### Task brief
For the entries below, the result should be an exact transcription of the lines from the one with "Piazza Del Duomo" up to and including the one with "Configuración de DNS", and only those.

### Data
[Start of section]

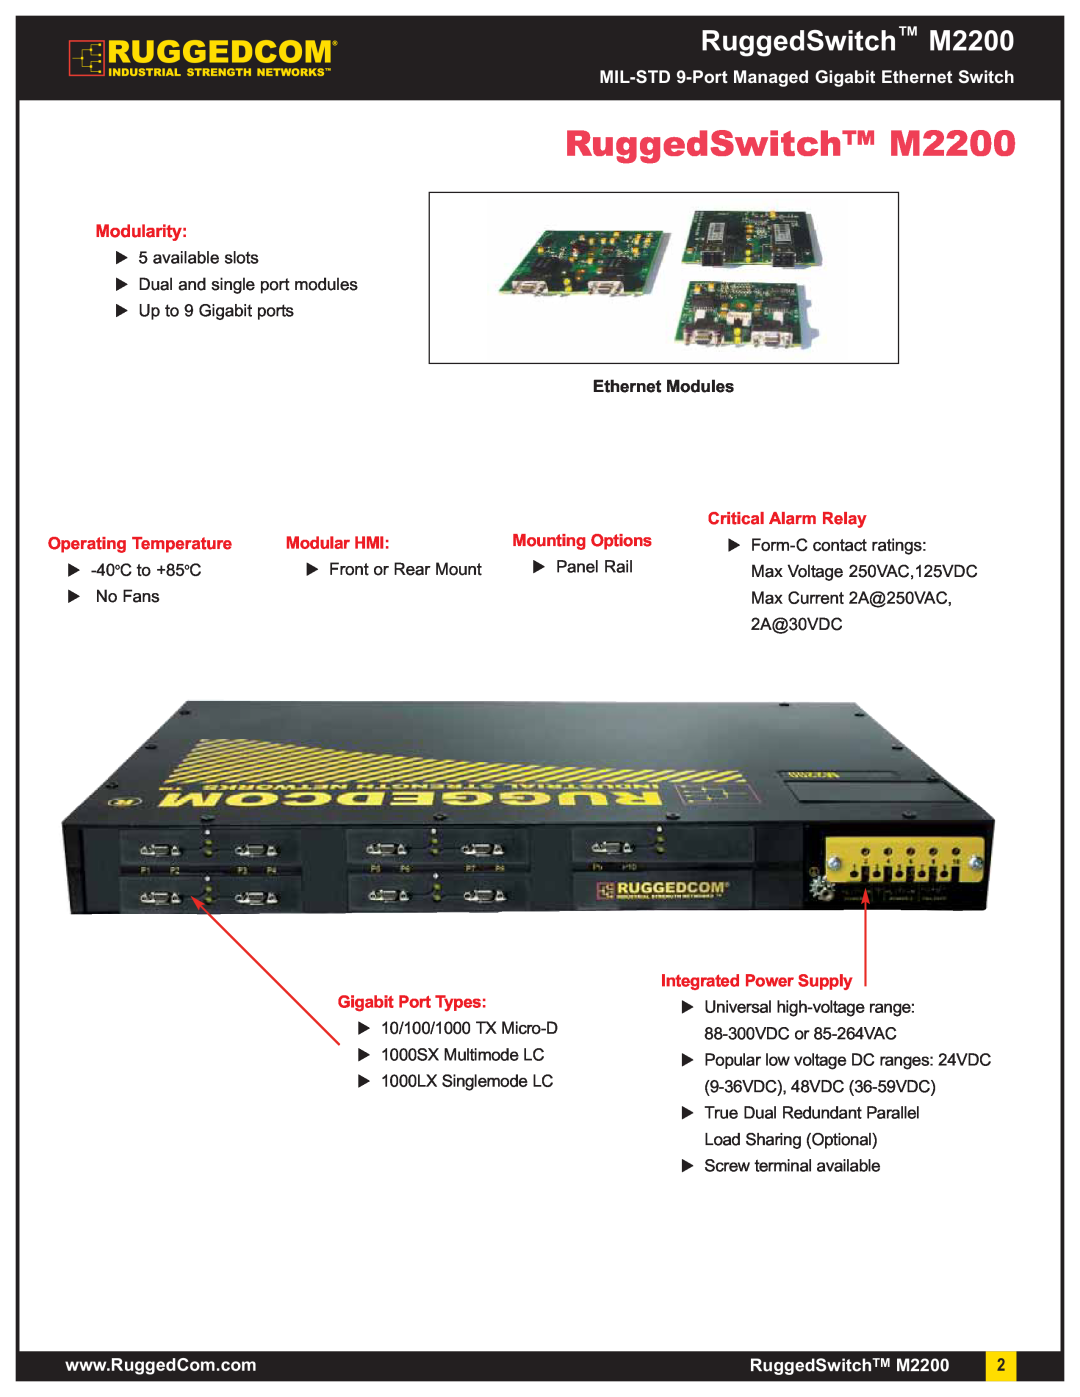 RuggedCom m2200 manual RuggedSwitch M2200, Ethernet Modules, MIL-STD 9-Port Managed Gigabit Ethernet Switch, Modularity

[End of section]
[Start of section]

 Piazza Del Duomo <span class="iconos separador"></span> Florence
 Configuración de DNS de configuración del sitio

[End of section]
[Start of section]

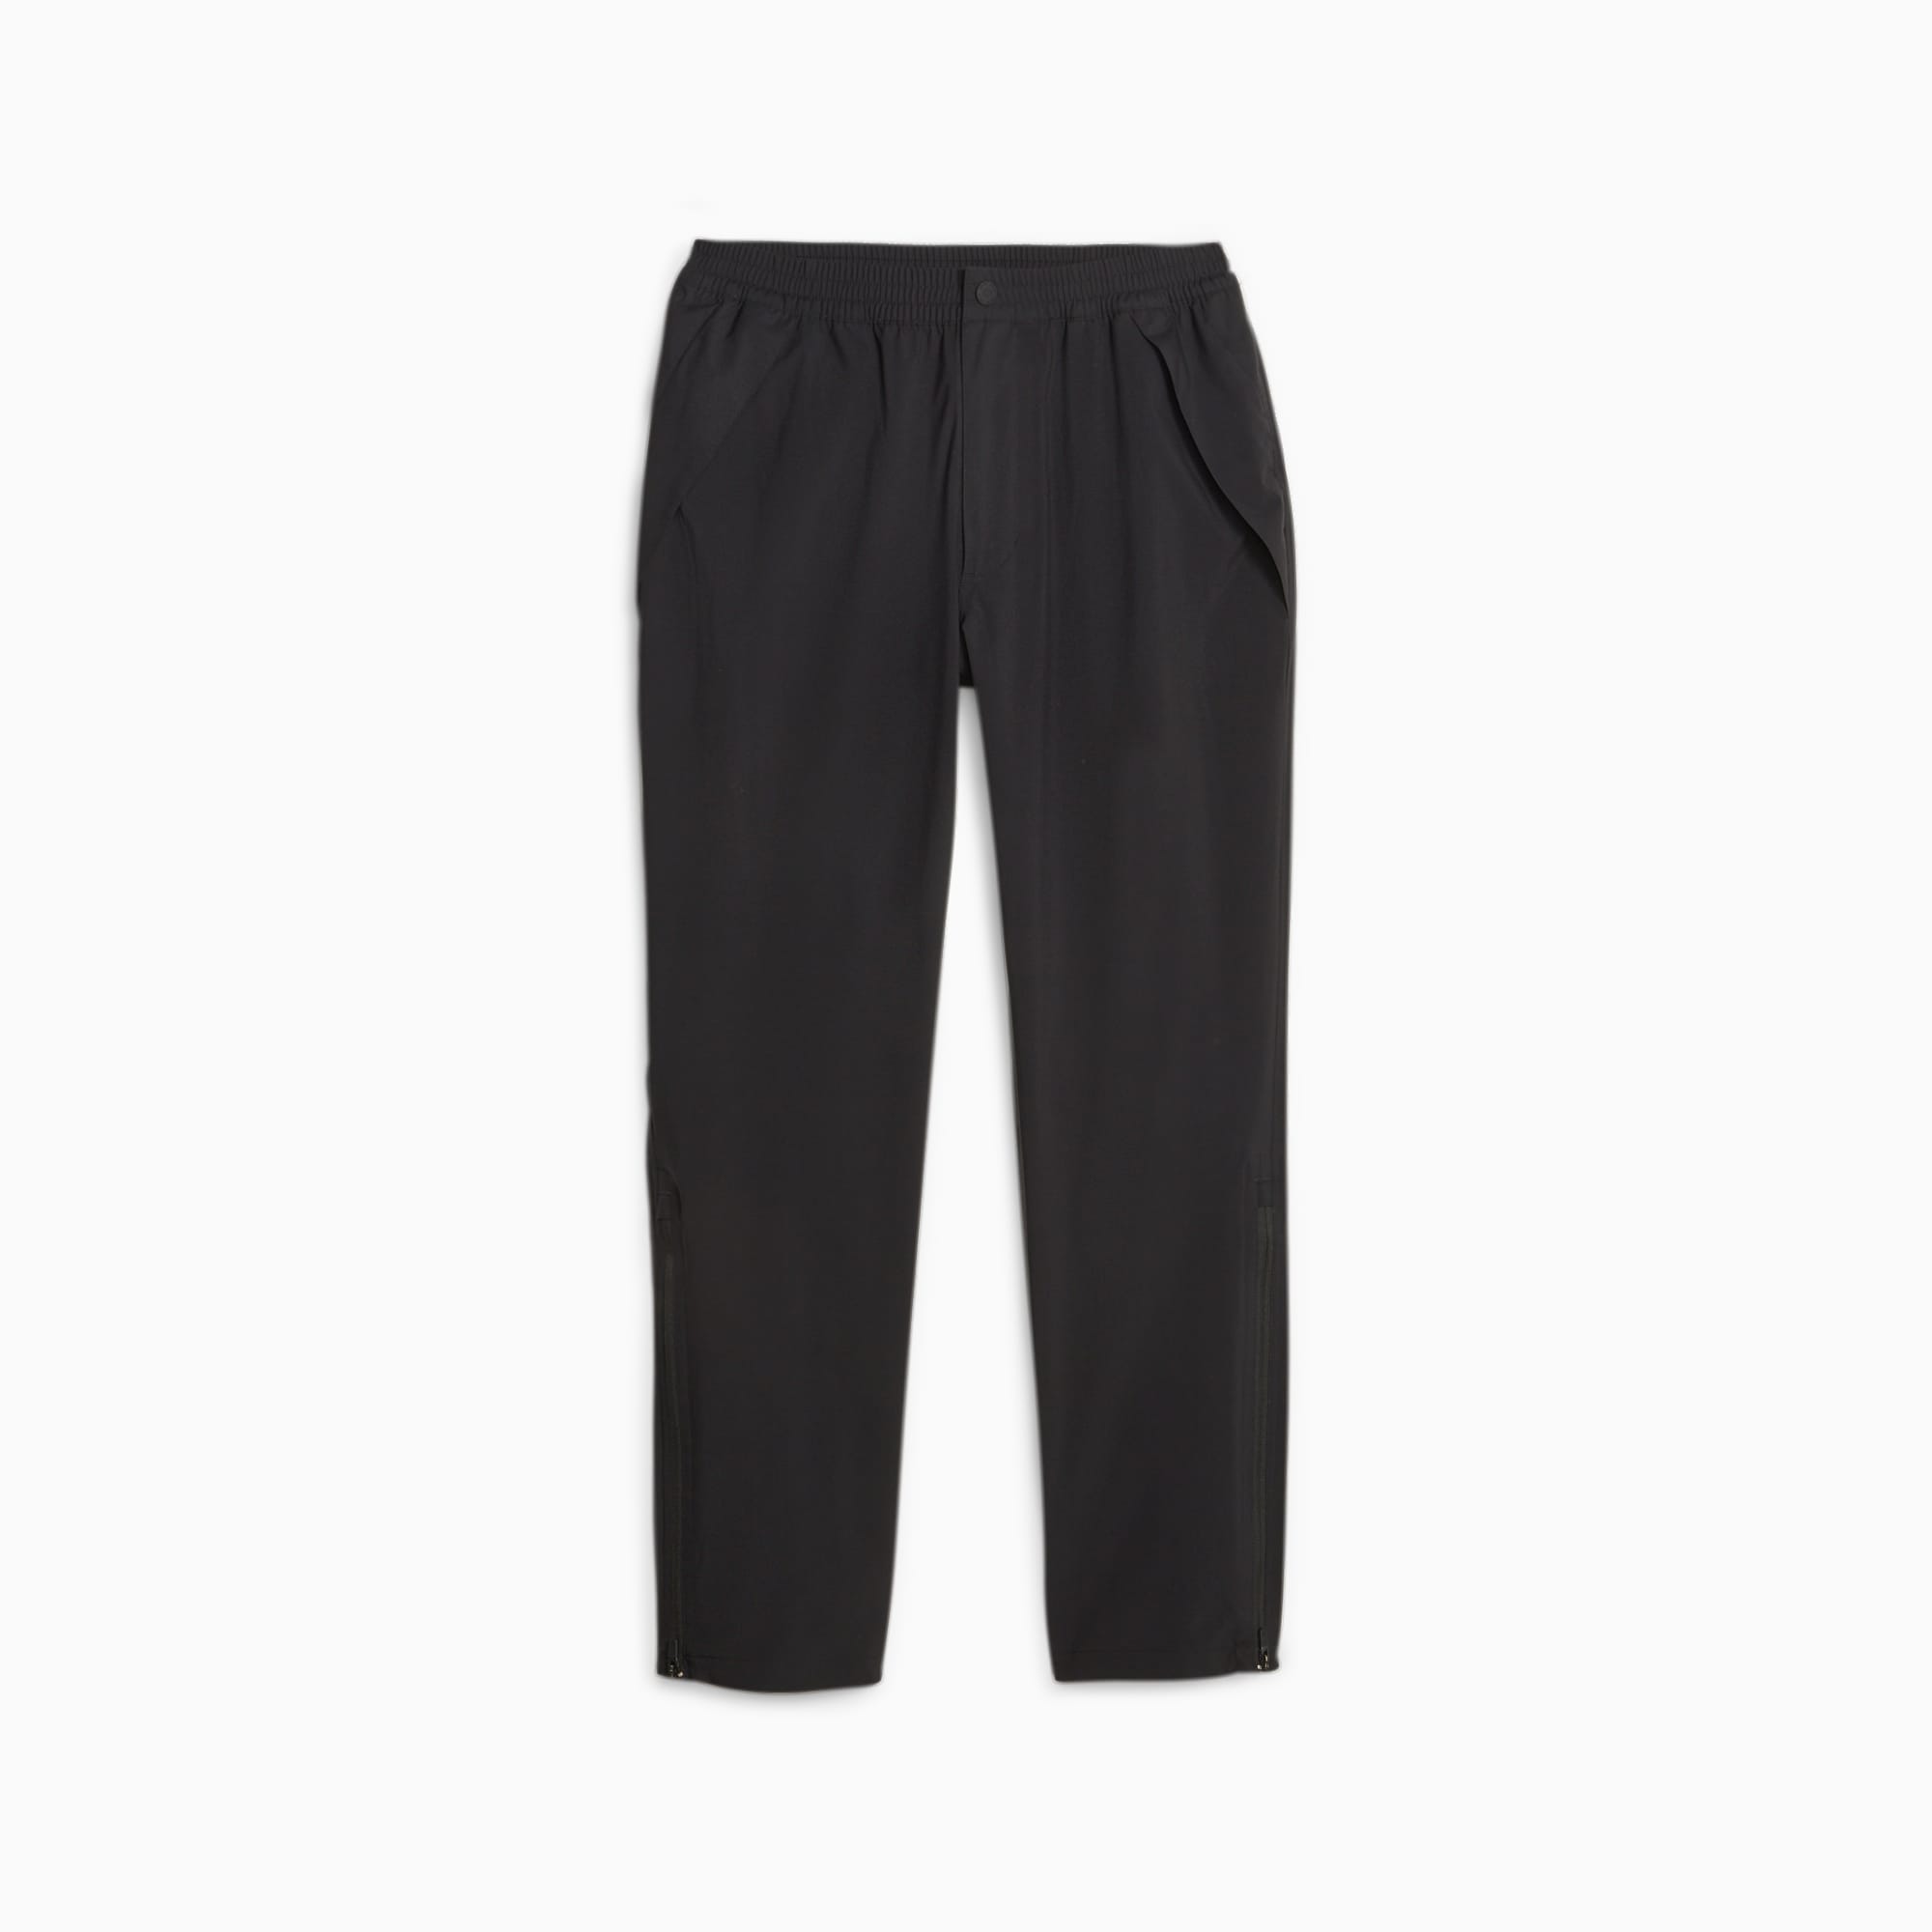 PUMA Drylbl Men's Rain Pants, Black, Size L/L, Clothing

[End of section]

### Solved exercise
 Piazza Del Duomo <span class="iconos separador"></span> Florence
 Configuración de DNS de configuración del sitio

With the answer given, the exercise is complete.